Se no capítulo anterior nosso esforço esteve voltado para a explicitação da maneira como o discurso social se faz presente nas narrativas, ou seja, buscou focalizar a maneira como a socialidade do texto literário expressa tensões sociais, através da plasmação no passado do enunciado e no presente da enunciação de questões históricas e políticas da realidade social de que as próprias obras fazem parte, neste nossa atenção se voltará para o presente histórico do surgimento das obras, a fim de tentar perceber de que maneira essas

narrativas se relacionam com as séries literárias a que pertencem e também com a história, em razão do gênero das obras, com o intuito de tentar perceber em que medida os romances podem ser vistos como um posicionamento empenhado no sentido da oposição à dominação existente nas culturas de que participam. De acordo com nossa perspectiva sociocrítica, vamos tratar os romances como teorias e práticas culturais, inseri-los em seu contexto sócio- histórico e apreciá-los em relação à totalidade do momento em que emergem: o romance ajuda a entender melhor questões latentes na sociedade e estas, num movimento dialético, permitem entender melhor o romance que, afinal, não deixa de ser um produto de sua época.

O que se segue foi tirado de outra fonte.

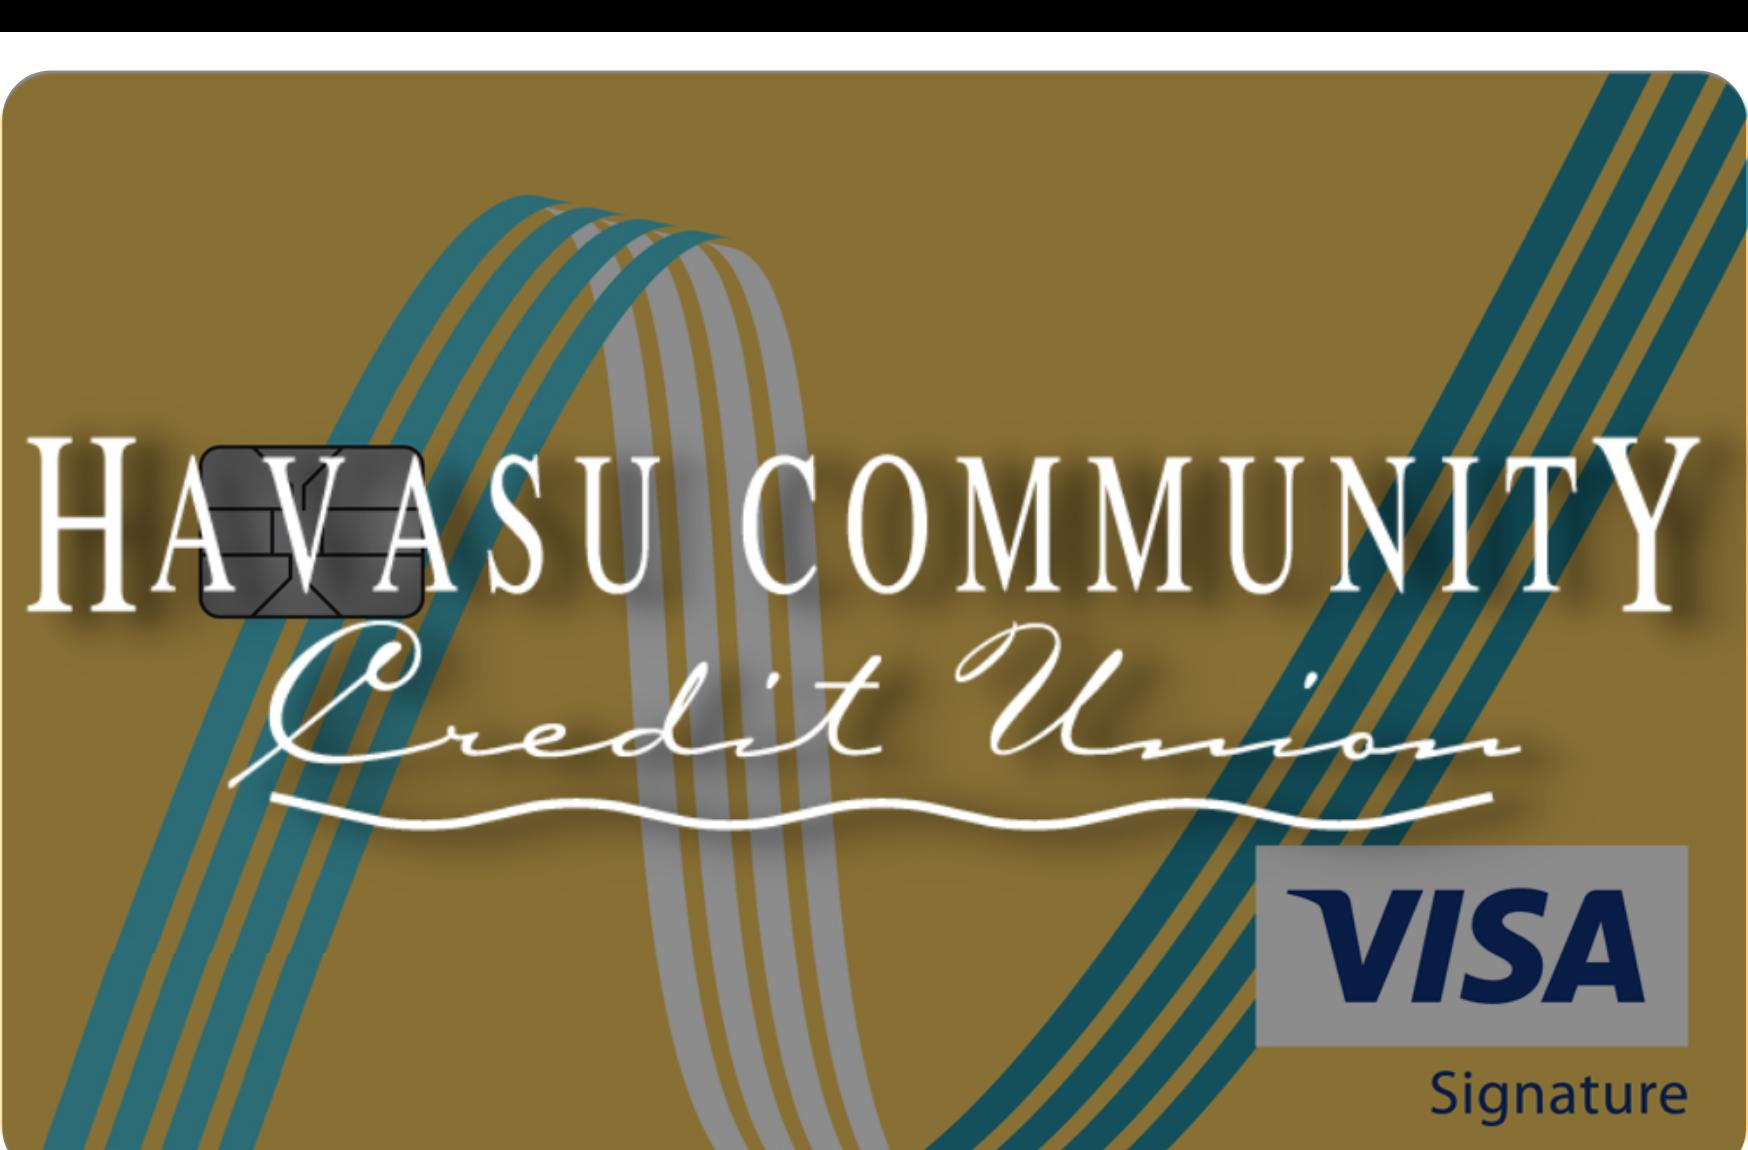 Havasu Community Credit Union Credit Card Brand

Vimos que os romances estão imbuídos de uma voz que quer dizer a

verdade, estão voltados para uma re-visão da História, nos três casos questionando os

postulados da História oficial (voz autoritária de uma verdade absoluta), cada um à sua maneira: A gloriosa família explicitando a dimensão intertextual da História e, ainda assim, apontando para uma utopia, para a representação de um mundo possível; As naus questionando os pilares da memória coletiva, construída em torno de uma identidade nacional assentada em “falsos mitos”; e o Catatau questionando a própria lógica racional e, por conseguinte, o poder da linguagem e da representação na configuração de um universo possível.

Essa atitude de escrever contra uma ordem hegemônica faz parte de um amplo movimento do pensamento contemporâneo, que normalmente reivindica para si o adjetivo usualmente chamado de esquerda, que vai desde o engajamento direto, com obras comprometidas com causas políticas, até o outro extremo, do desencanto, com obras filiadas ao pós-modernismo (para Linda Hutcheon, essa linha de pensamento é de esquerda por se opor ao sistema capitalista; para Eagleton, representa o fracasso da esquerda em atacar as questões estruturais do capitalismo). Neste capítulo, faremos um breve panorama desse

movimento, com o propósito de situar os procedimentos estéticos utilizados nos romances aqui em estudo no debate atual acerca da perspectiva política da literatura.

Como o discurso social delimitou-se em torno do nacionalismo e da identidade nacional, iniciaremos abordando esse tópico; em seguida, passaremos ao panorama do pensamento de esquerda; depois, situaremos as três obras nesse panorama, buscando perceber em que medida os procedimentos estéticos do pós-modernismo, utilizados em graus variados nas três obras, são absorvidos pelo propósito político de explicitar as condições de dominação do sistema sócio-econômico-político envolvido pelas narrativas em foco, e em que medida suas socialidades remetem ao momento sócio-histórico contemporâneo. As implicações epistemológicas das questões emergidas neste e no segundo capítulos − a existência de uma verdade, as distinções entre ficção e história, o valor da obra de arte − serão abordadas no próximo sob o enfoque do materialismo histórico dialético, concluindo, assim, nossa investigação sobre o aspecto político do romance.